# My Birthday Present



## kelebek (Oct 5, 2007)

I was fortunate enough to get a Birthday Present that I was really wanting - a new Nubian Doeling (PB) She is a cousin to my new buck, Eclipse, and am very excited about doing a line breeding with her.

I was also able to show her at the local show last weekend so I already was able to work with her a bit.

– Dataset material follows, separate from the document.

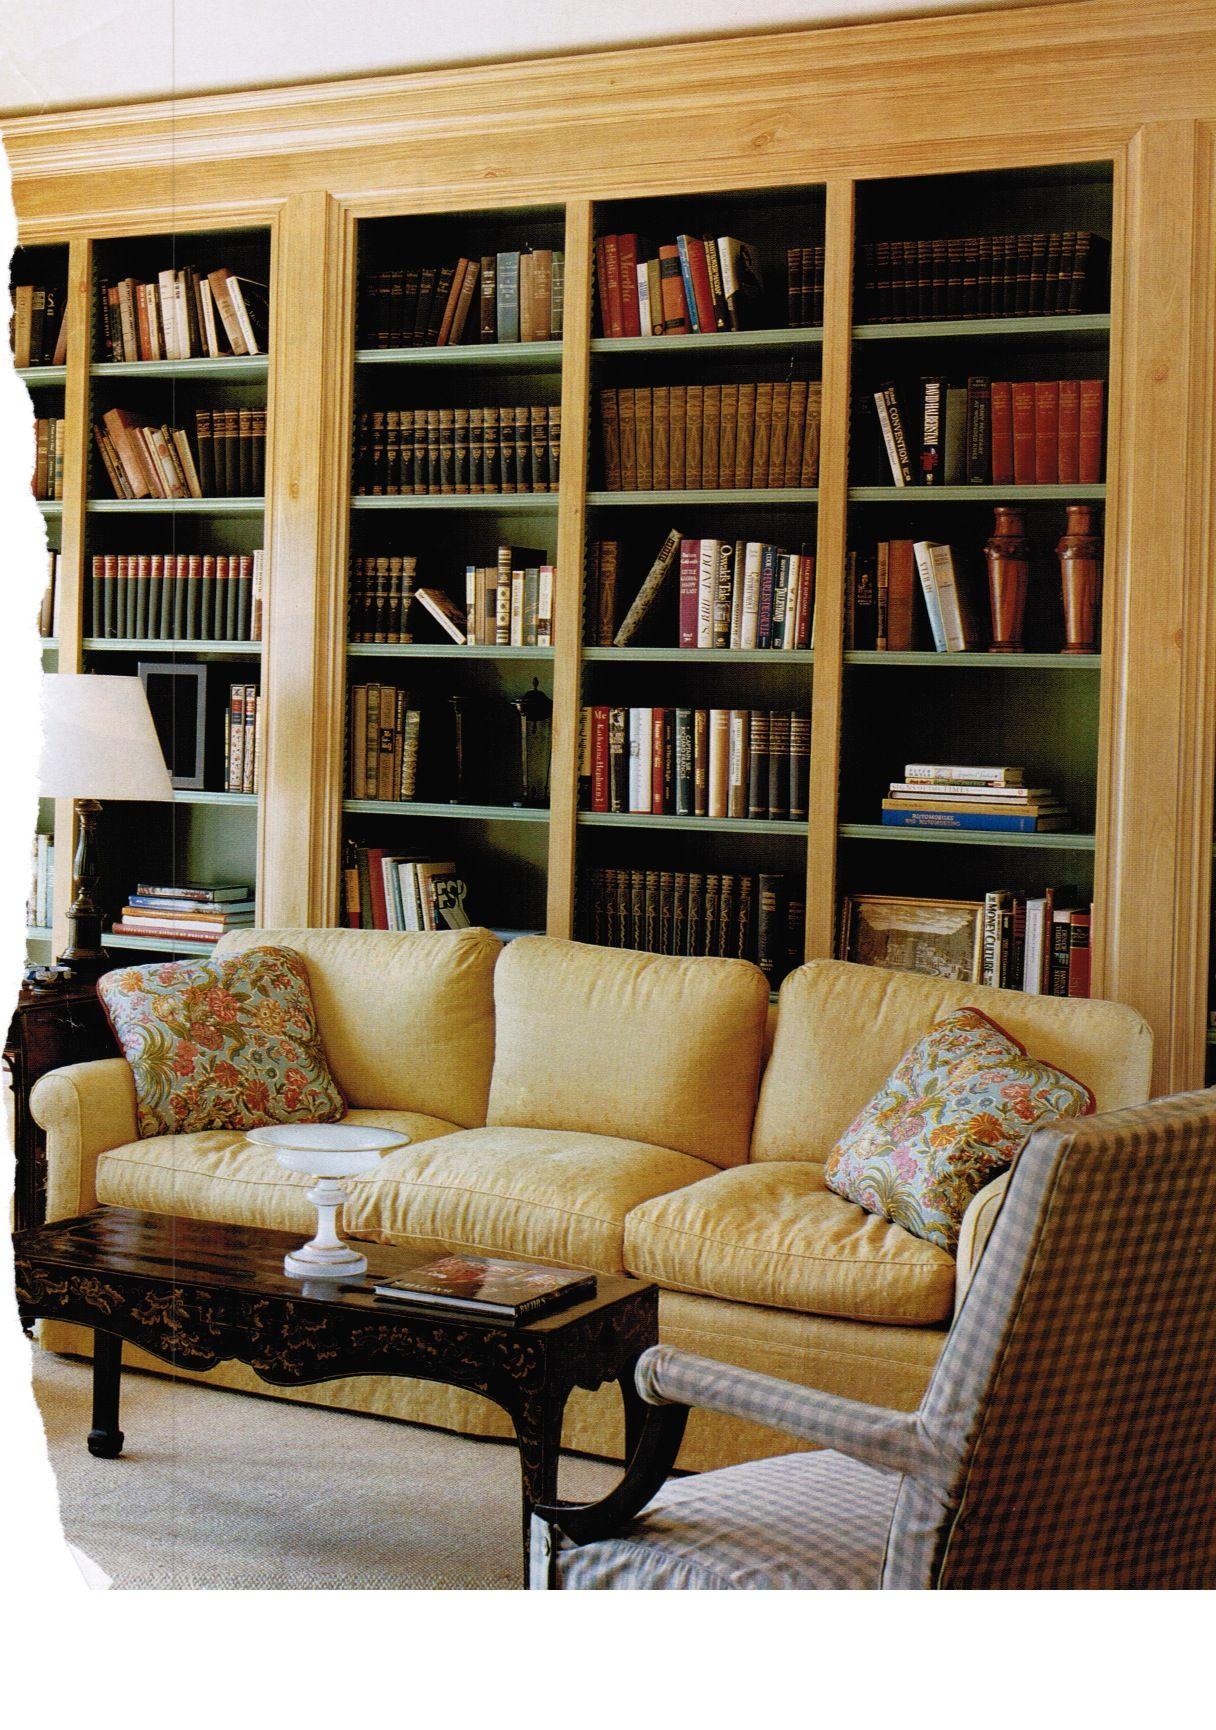 Best Built Ins Behind Sofa Home Decor Inspiration Decor 640 x 480
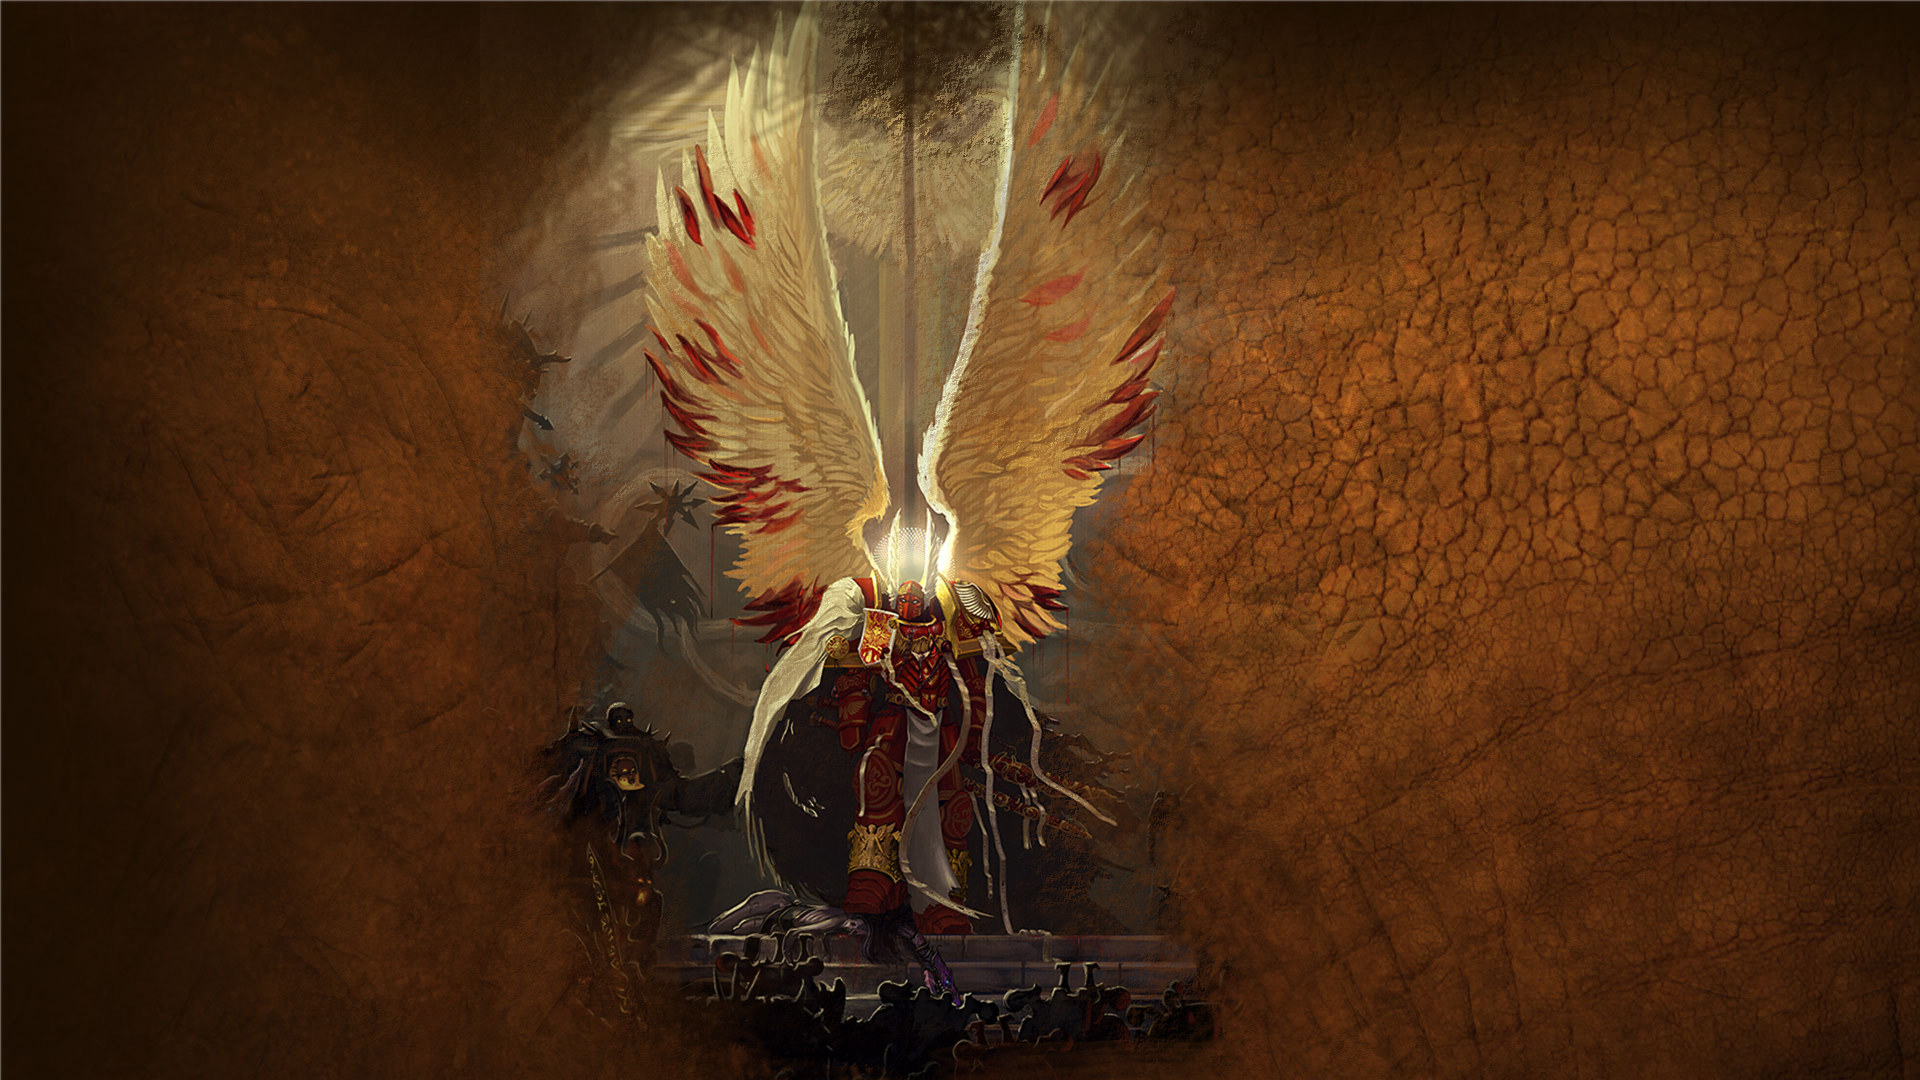 Warhammer 40k death company wallpaper - Warhammer 40k Blood Angels Sanguinius Hd Wallpaper Of Games

Here is The CT Taffy's CO Rosetta - she has a moonspot on her other hip that looks like a Rosetta


----------



## freedomstarfarm (Mar 25, 2011)

Congrats on the cute Birthday present!


----------



## liz (Oct 5, 2007)

What a pretty BD present too! Hope she does well for you...with kids AND milk!


----------



## kelebek (Oct 5, 2007)

Thank you - her sire was appraised last year at a 90 VEE and the sire's Dam is a SGCH *11 and her dam is on milk test now - and was appraised last year at 86 VEVV so I am pretty hopeful on this girl. She is a little small right now - but she is also one of quads. She is such a pretty girl - very feminine!


----------



## Itchysmom (Apr 3, 2010)

Such a pretty girl! Nice BD present!

You know now that you mentioned the moon spot, you just have to show us a picture of it!


----------



## milk and honey (Oct 31, 2010)

Congratulations... she is such a pretty girl!


----------



## WalnutGroveFarm (Sep 27, 2008)

She is gorgeous, congrats.


----------



## toth boer goats (Jul 20, 2008)

Very nice....congrats...... :hi5: :thumb: :greengrin:


----------



## kelebek (Oct 5, 2007)

Thank you - I really do like her! This pic makes her look like a dark brown - but really she is a red in color. I will try and get a pic of her moonspot - that is actually where her name come from!


----------



## circledsfarm (Jun 19, 2011)

You just gotta luv the presents with 4 feet you can never go wrong with that kind of present :clap:


----------



## kelebek (Oct 5, 2007)

Nope - not at all, even though I did buy her for myself - LOL!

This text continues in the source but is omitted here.